TO DO
Your answer should be the full data, transcribed exactly, with no pictures in it.

DATASET EXCERPT
---

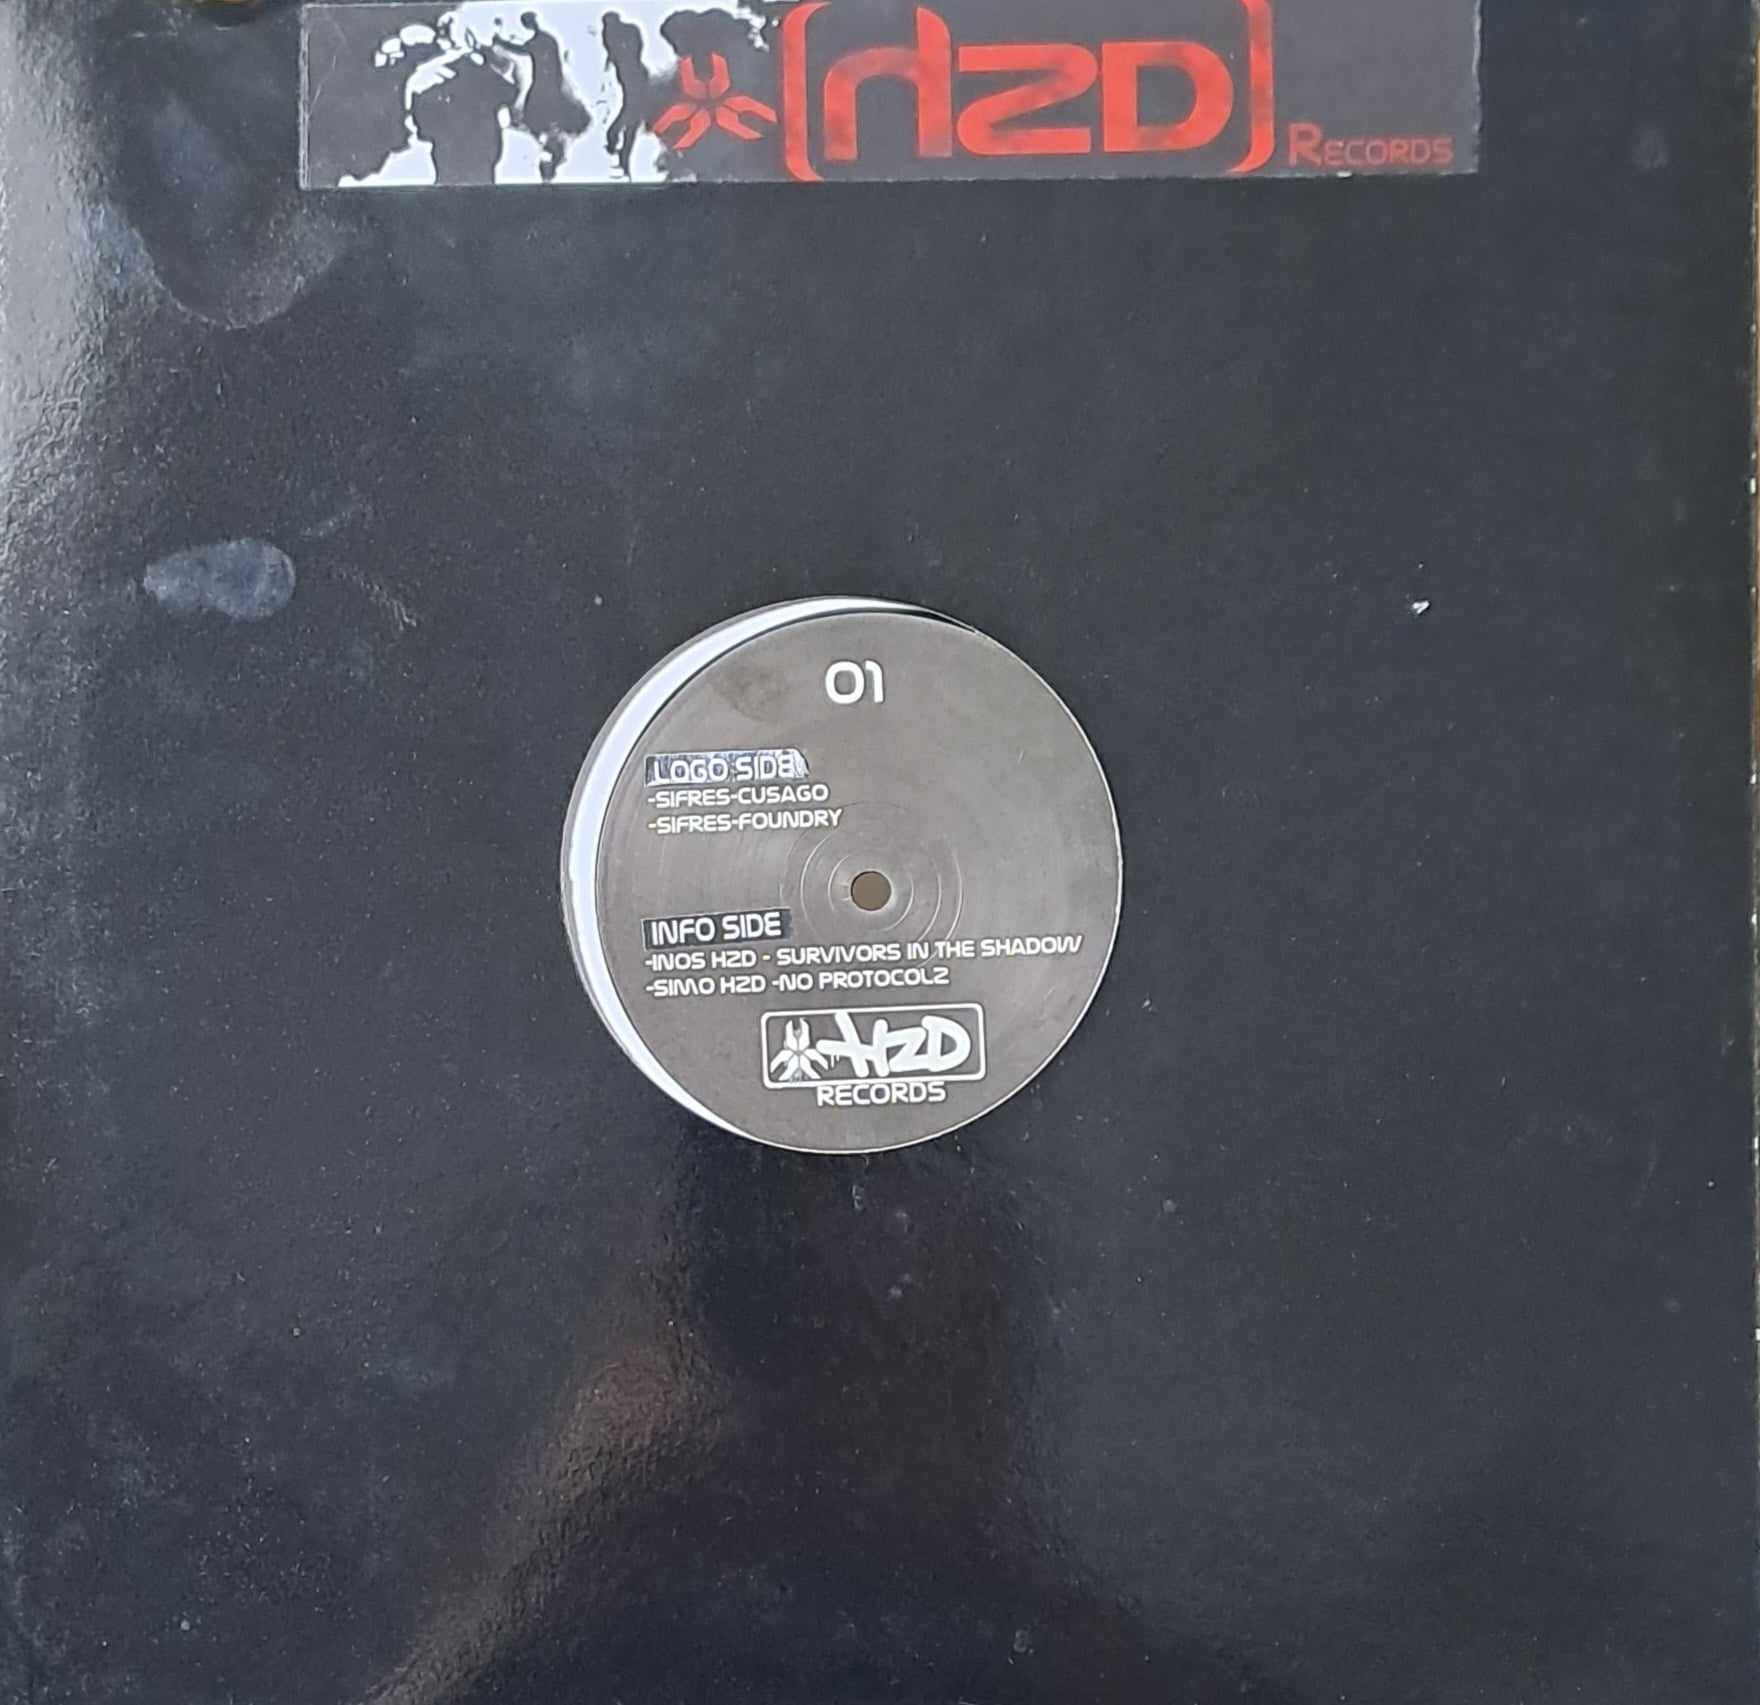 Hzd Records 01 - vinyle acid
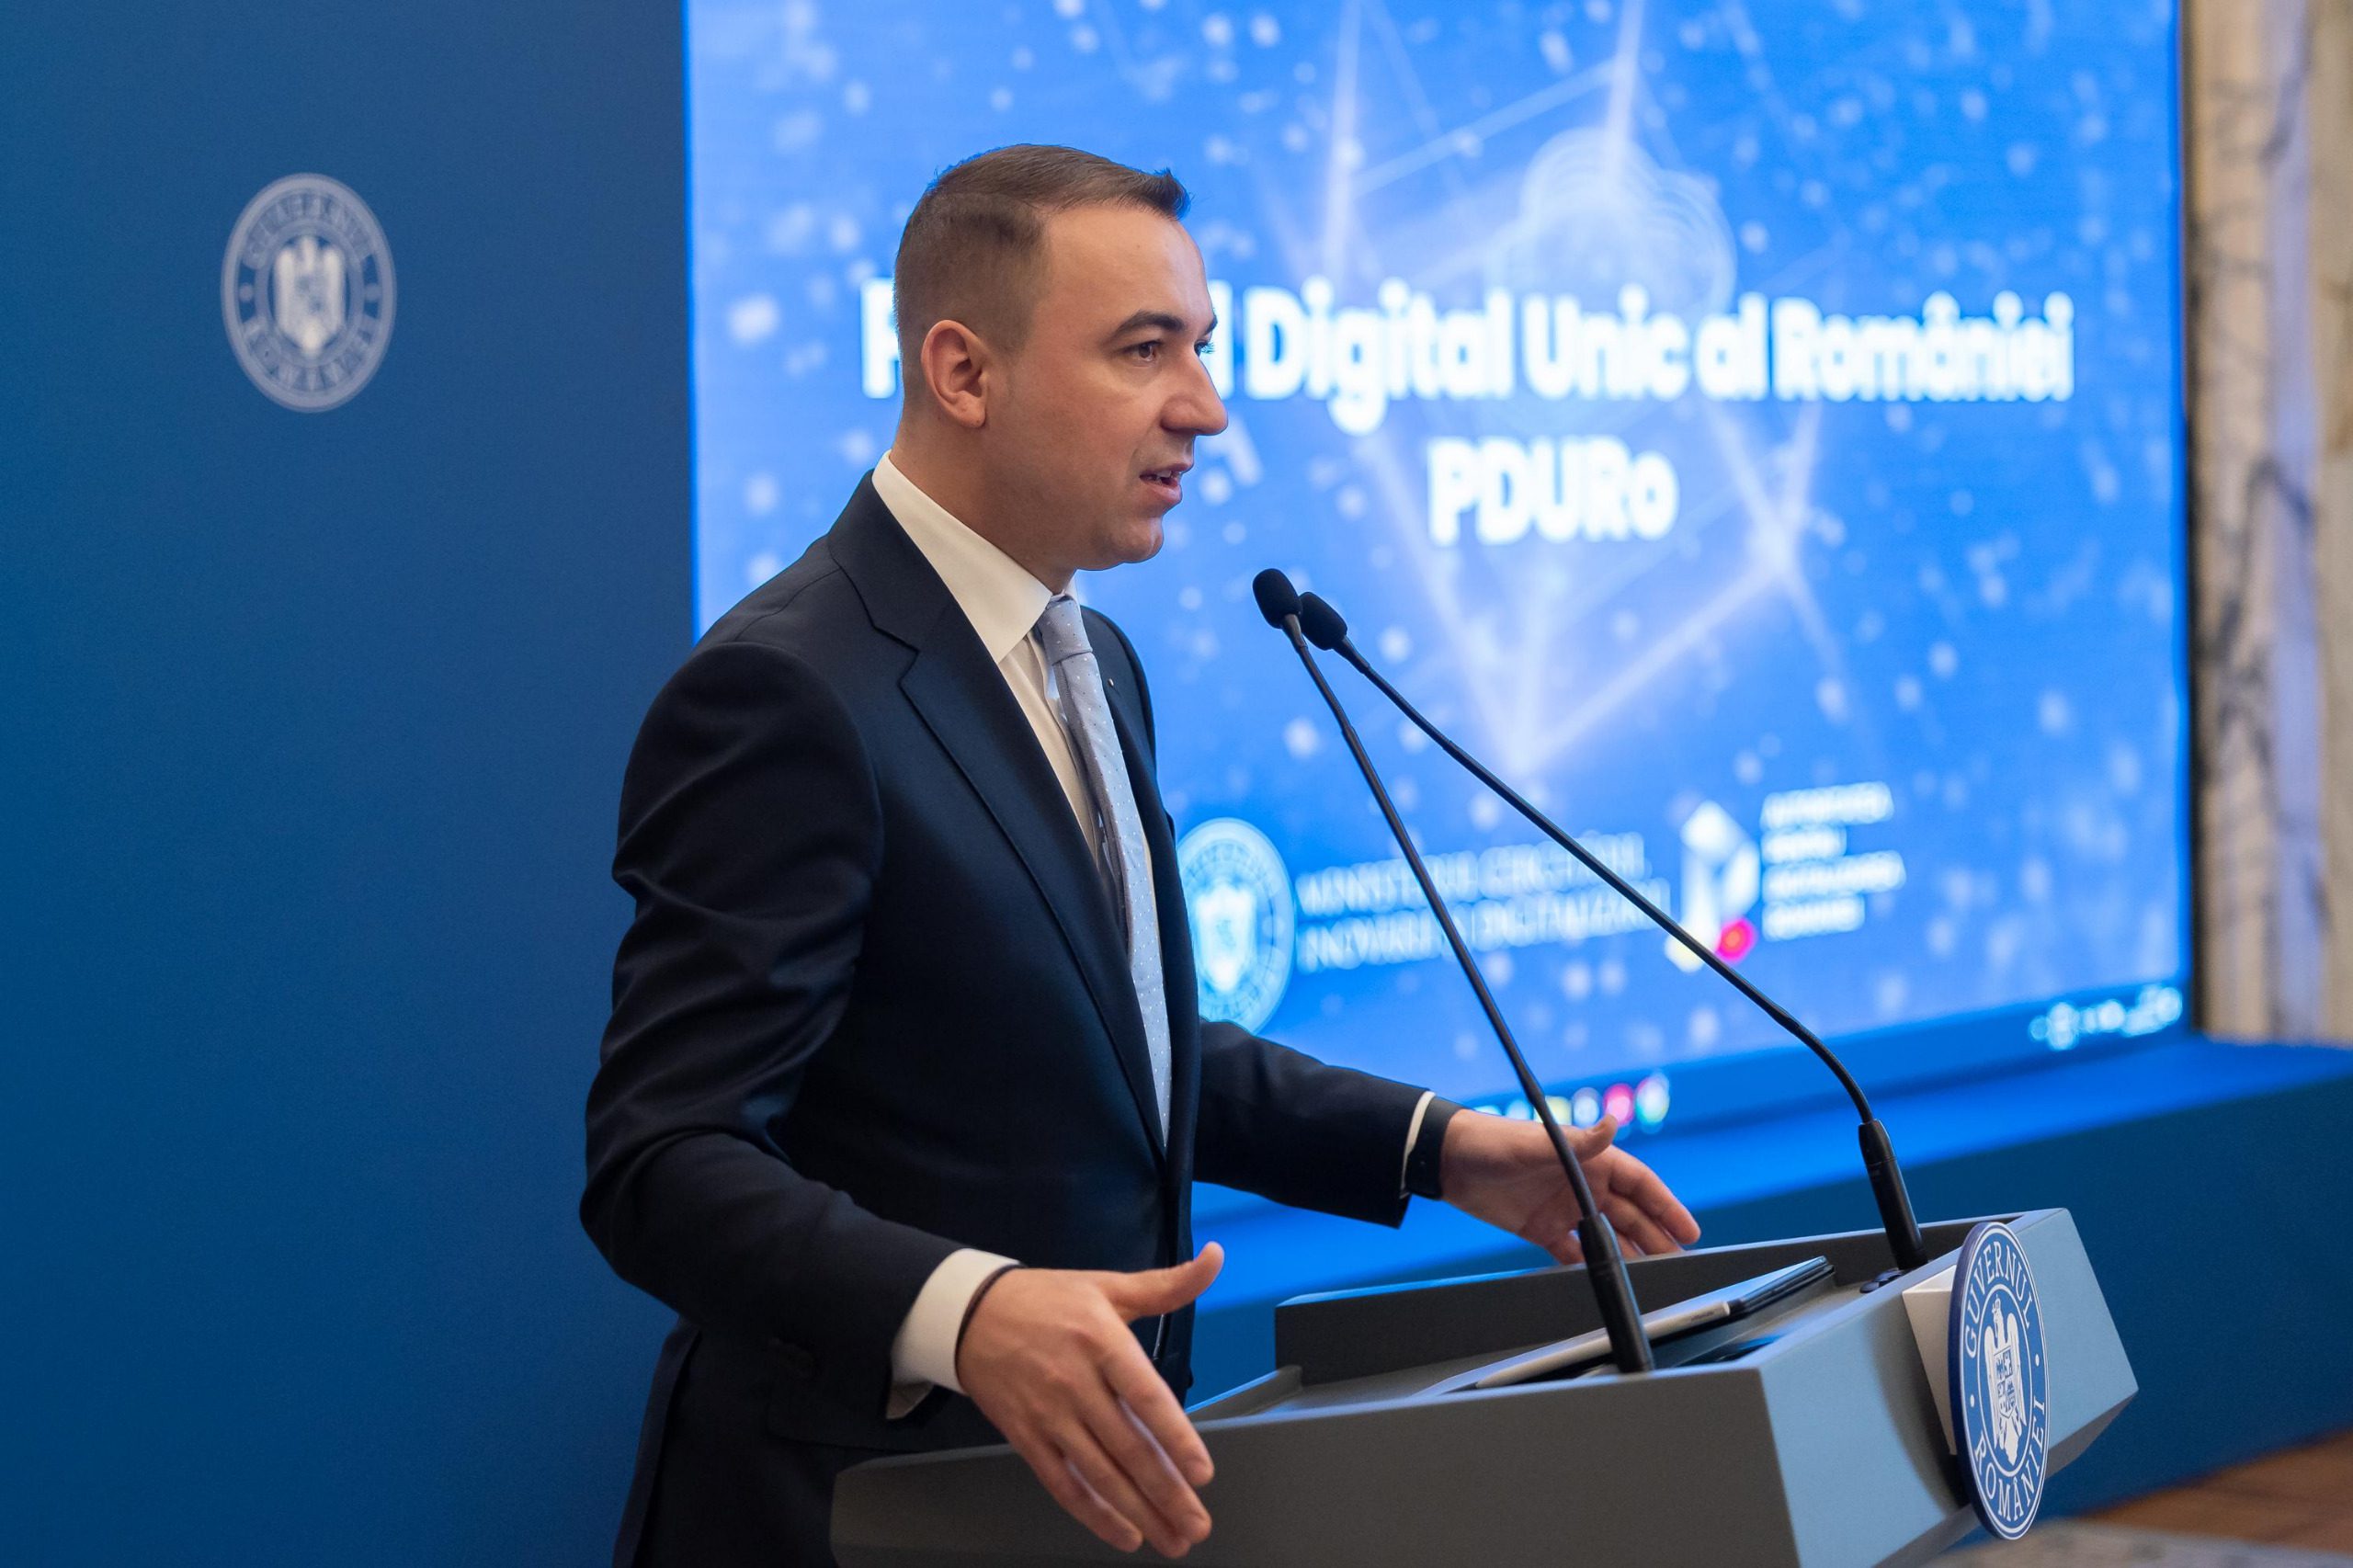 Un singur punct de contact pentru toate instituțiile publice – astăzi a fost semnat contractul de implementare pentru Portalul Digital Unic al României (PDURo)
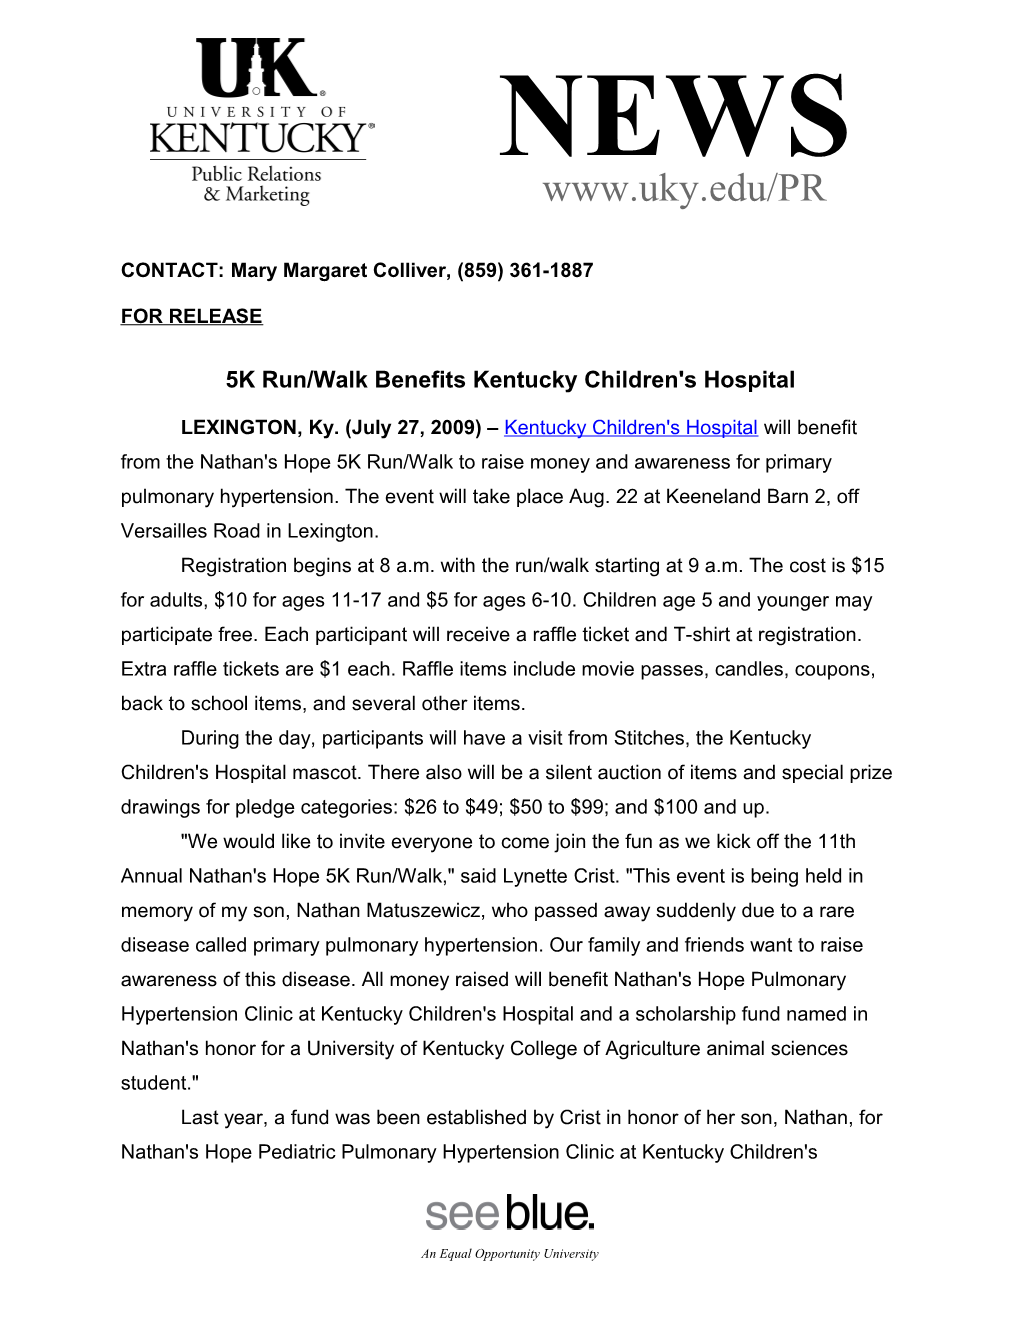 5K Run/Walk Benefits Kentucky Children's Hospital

---

REPLY
 Hzd Records 01 - vinyle acid
 Un singur punct de contact pentru toate instituțiile publice – astăzi a fost semnat contractul de implementare pentru Portalul Digital Unic al României (PDURo)
 5K Run/Walk Benefits Kentucky Children's Hospital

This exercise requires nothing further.